A word-for-word retyping of the listing below is required, with the pictures dropped.
━━ Data section
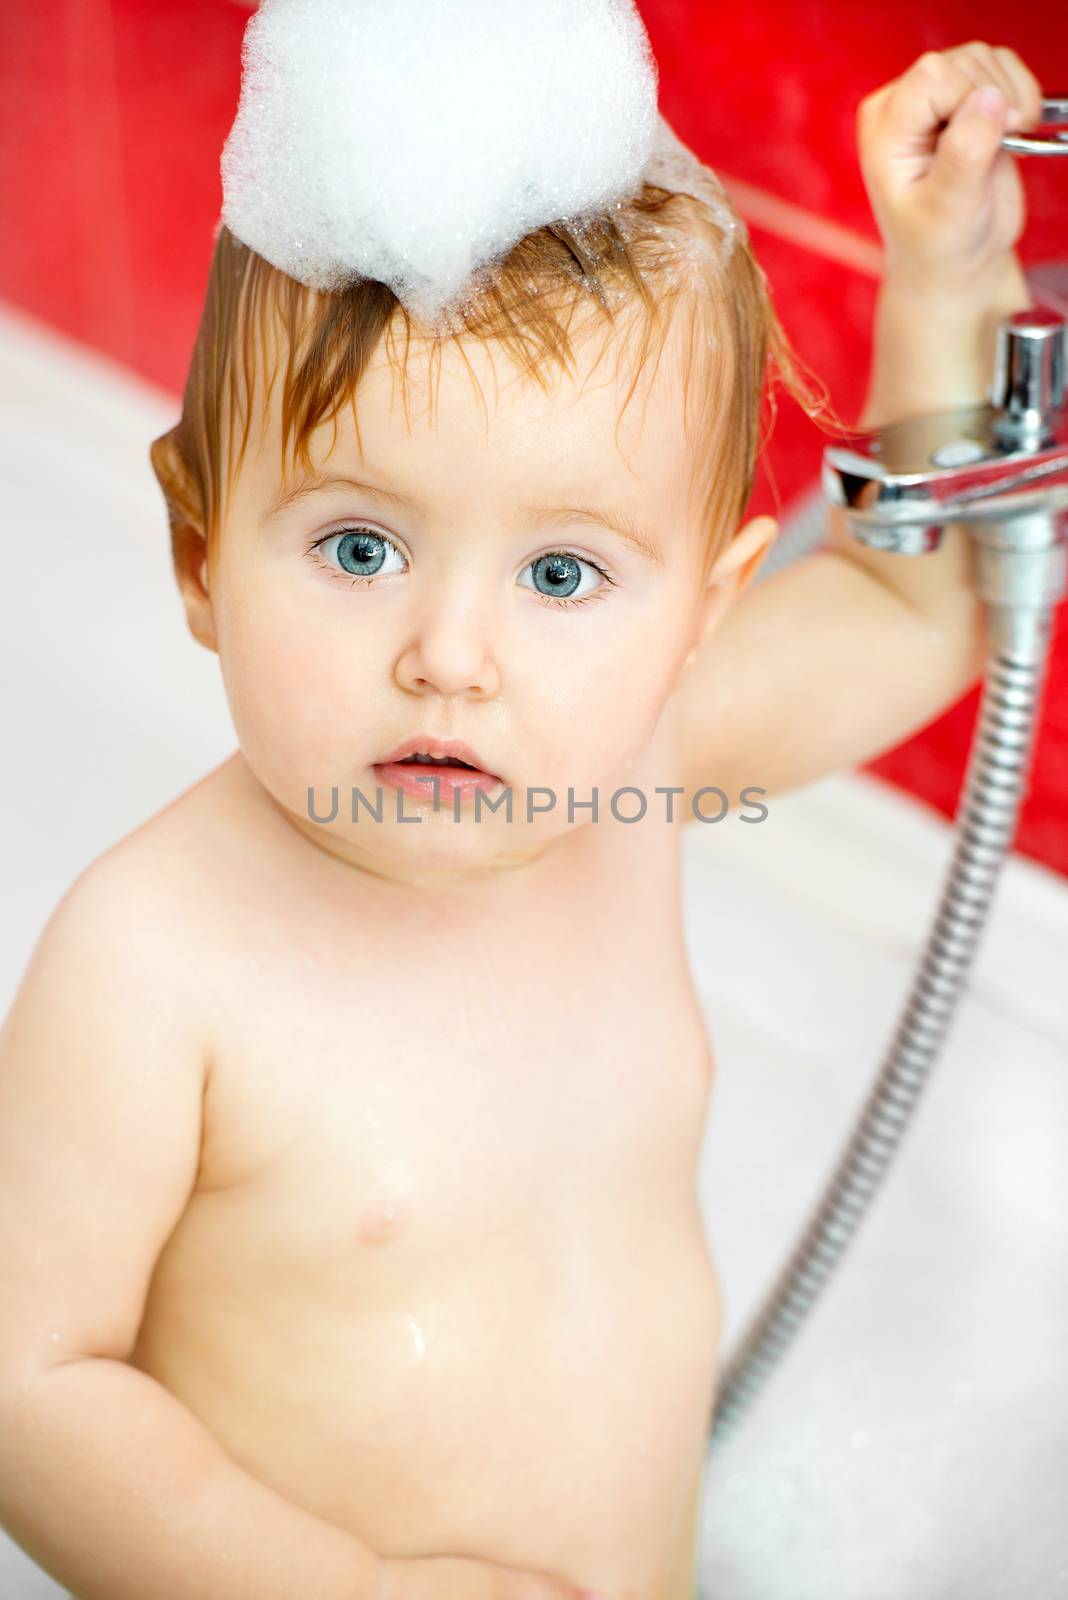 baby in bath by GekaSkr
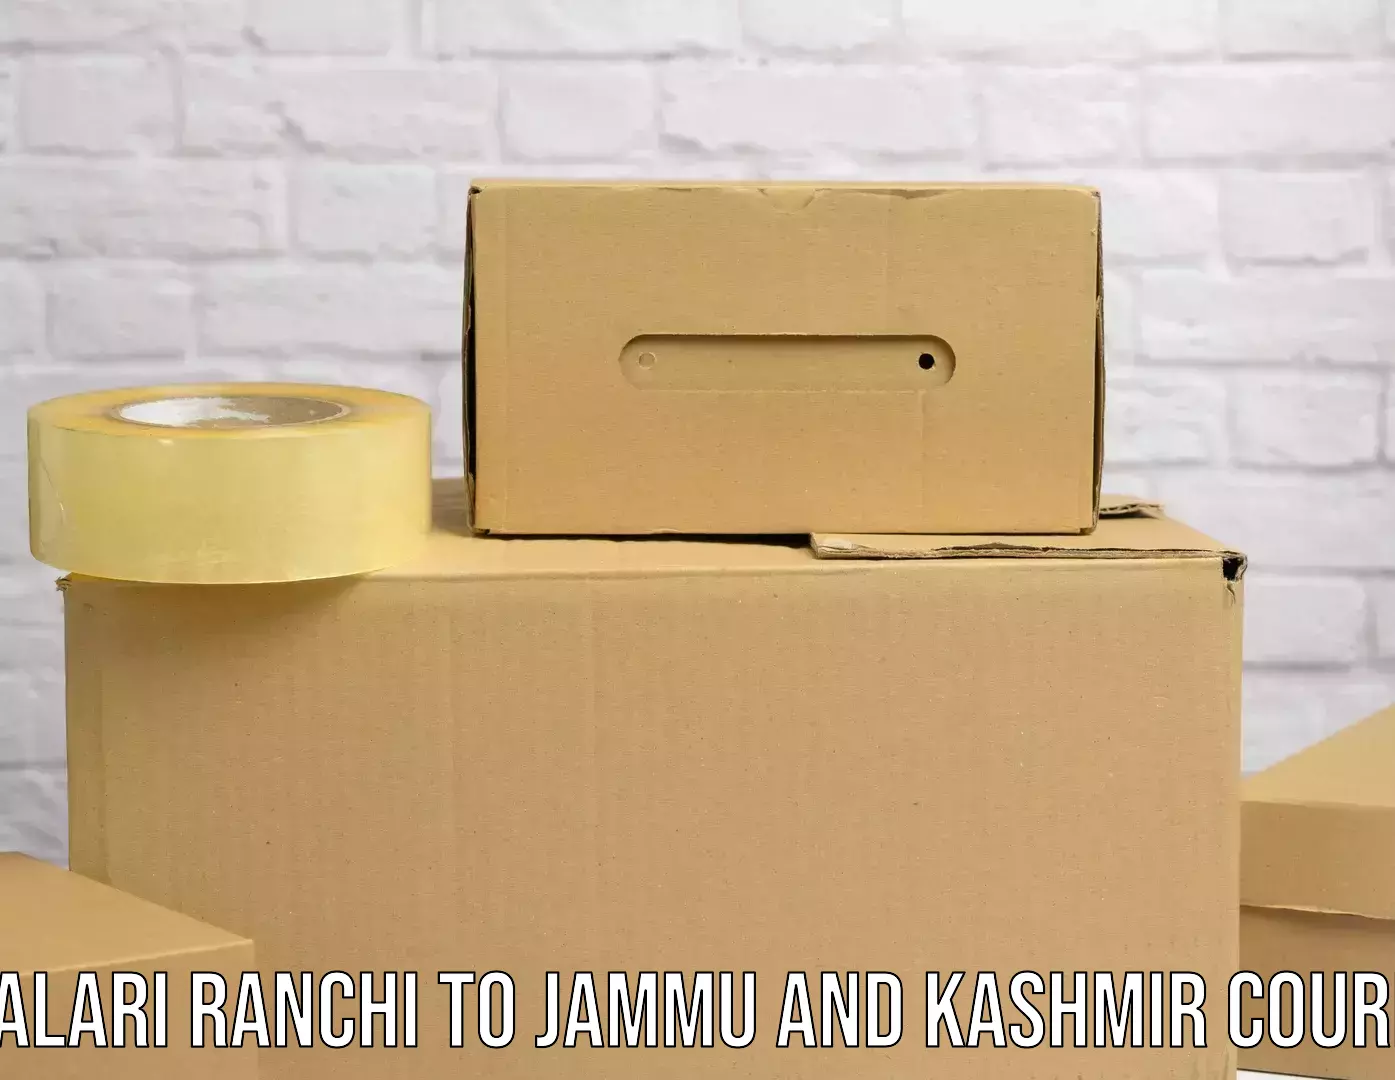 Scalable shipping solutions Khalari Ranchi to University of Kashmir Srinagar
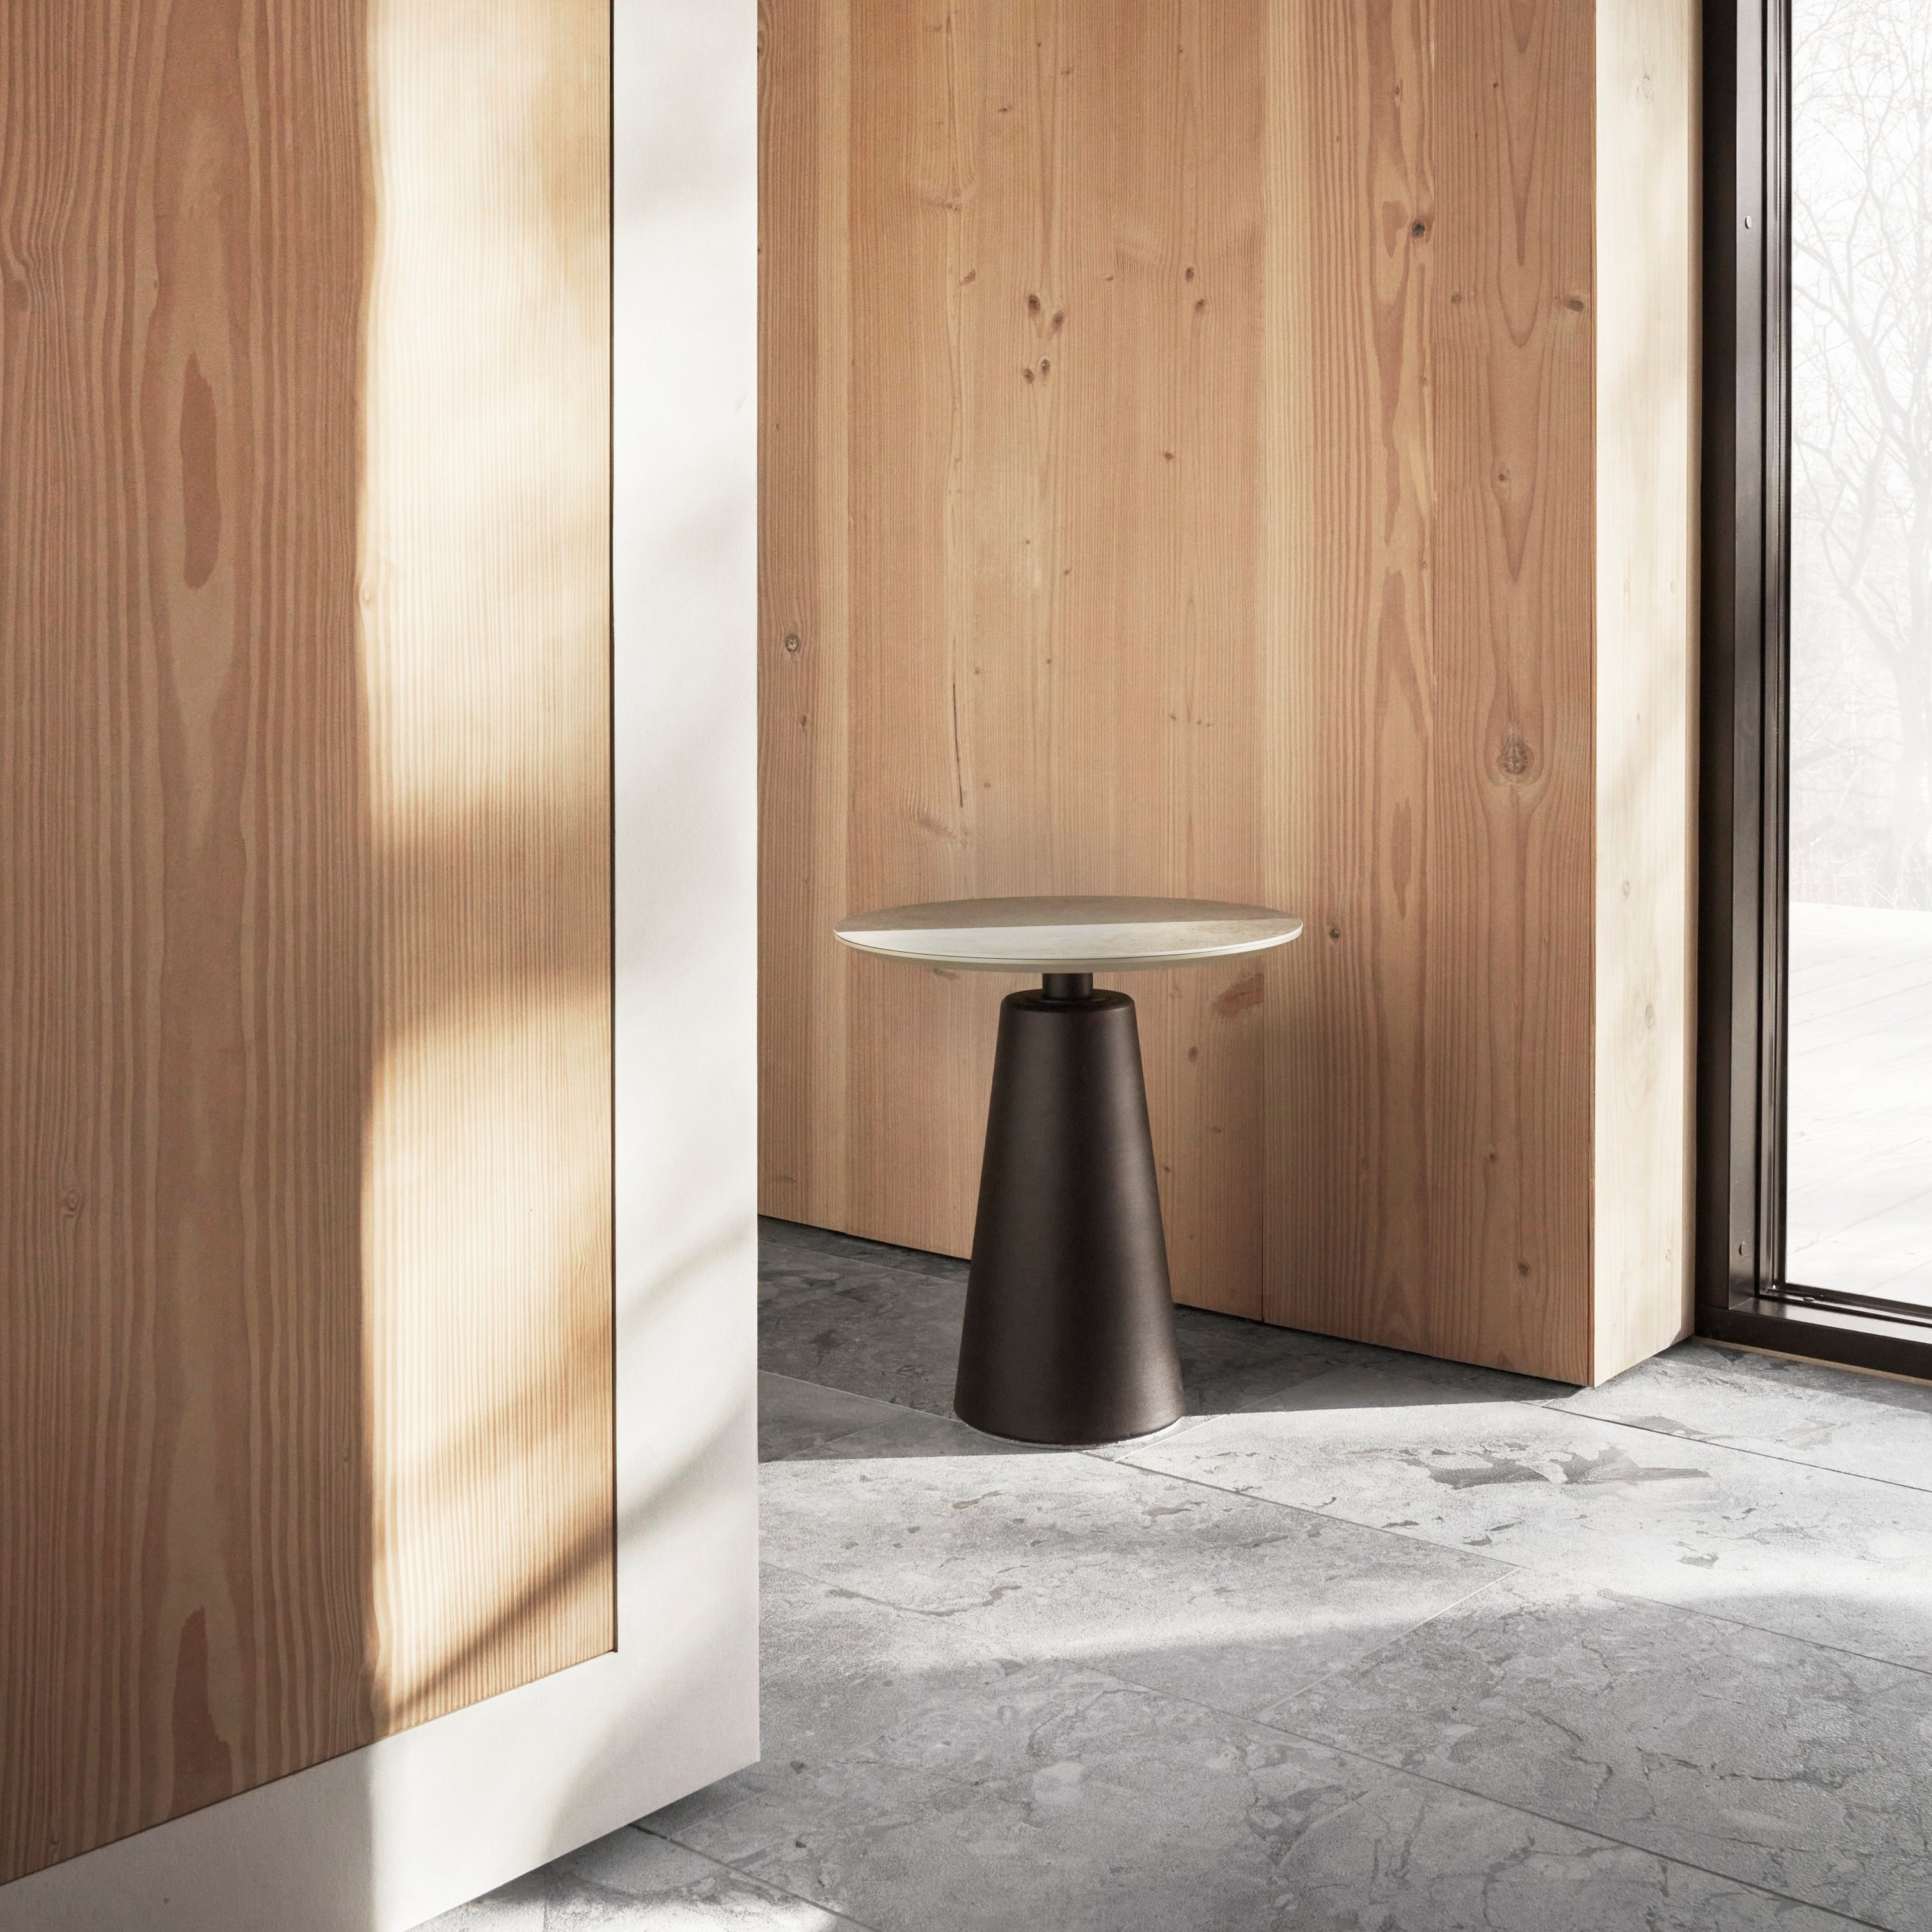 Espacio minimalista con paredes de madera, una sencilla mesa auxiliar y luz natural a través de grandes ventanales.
━━━━
Task response:
 baby in bath by GekaSkr
 Scalable shipping solutions Khalari Ranchi to University of Kashmir Srinagar
 Espacio minimalista con paredes de madera, una sencilla mesa auxiliar y luz natural a través de grandes ventanales.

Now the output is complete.